-------- Records supplied --------

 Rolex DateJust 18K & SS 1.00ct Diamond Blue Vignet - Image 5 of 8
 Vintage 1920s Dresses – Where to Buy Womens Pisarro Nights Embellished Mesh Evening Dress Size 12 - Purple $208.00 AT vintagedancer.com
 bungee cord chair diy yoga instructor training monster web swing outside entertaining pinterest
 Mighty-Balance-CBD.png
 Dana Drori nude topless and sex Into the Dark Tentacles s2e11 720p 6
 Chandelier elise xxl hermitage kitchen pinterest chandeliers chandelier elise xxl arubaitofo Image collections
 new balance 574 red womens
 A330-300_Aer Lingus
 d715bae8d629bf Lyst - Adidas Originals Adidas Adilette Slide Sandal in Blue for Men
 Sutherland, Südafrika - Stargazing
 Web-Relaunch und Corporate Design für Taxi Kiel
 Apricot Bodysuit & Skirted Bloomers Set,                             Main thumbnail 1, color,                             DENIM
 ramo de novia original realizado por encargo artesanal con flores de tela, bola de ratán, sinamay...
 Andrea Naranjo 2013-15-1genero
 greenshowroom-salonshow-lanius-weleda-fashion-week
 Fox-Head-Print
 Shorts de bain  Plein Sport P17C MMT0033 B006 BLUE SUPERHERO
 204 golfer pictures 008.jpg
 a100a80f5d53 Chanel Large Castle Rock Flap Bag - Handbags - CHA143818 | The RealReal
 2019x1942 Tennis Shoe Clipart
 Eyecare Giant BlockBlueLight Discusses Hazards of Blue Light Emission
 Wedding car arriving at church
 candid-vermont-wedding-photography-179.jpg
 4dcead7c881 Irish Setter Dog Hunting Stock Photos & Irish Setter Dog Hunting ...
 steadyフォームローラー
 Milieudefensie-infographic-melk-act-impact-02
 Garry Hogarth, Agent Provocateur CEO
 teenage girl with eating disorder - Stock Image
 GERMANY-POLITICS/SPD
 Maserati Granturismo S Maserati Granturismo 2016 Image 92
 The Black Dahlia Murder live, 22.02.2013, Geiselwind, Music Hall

--------

*Your instructions:*
Please, from the material above, copy only the lines from the line with "Chandelier elise xxl hermitage" up to and including the line with "Web-Relaunch und Corporate", exactly as written.

*Written solution:*
 Chandelier elise xxl hermitage kitchen pinterest chandeliers chandelier elise xxl arubaitofo Image collections
 new balance 574 red womens
 A330-300_Aer Lingus
 d715bae8d629bf Lyst - Adidas Originals Adidas Adilette Slide Sandal in Blue for Men
 Sutherland, Südafrika - Stargazing
 Web-Relaunch und Corporate Design für Taxi Kiel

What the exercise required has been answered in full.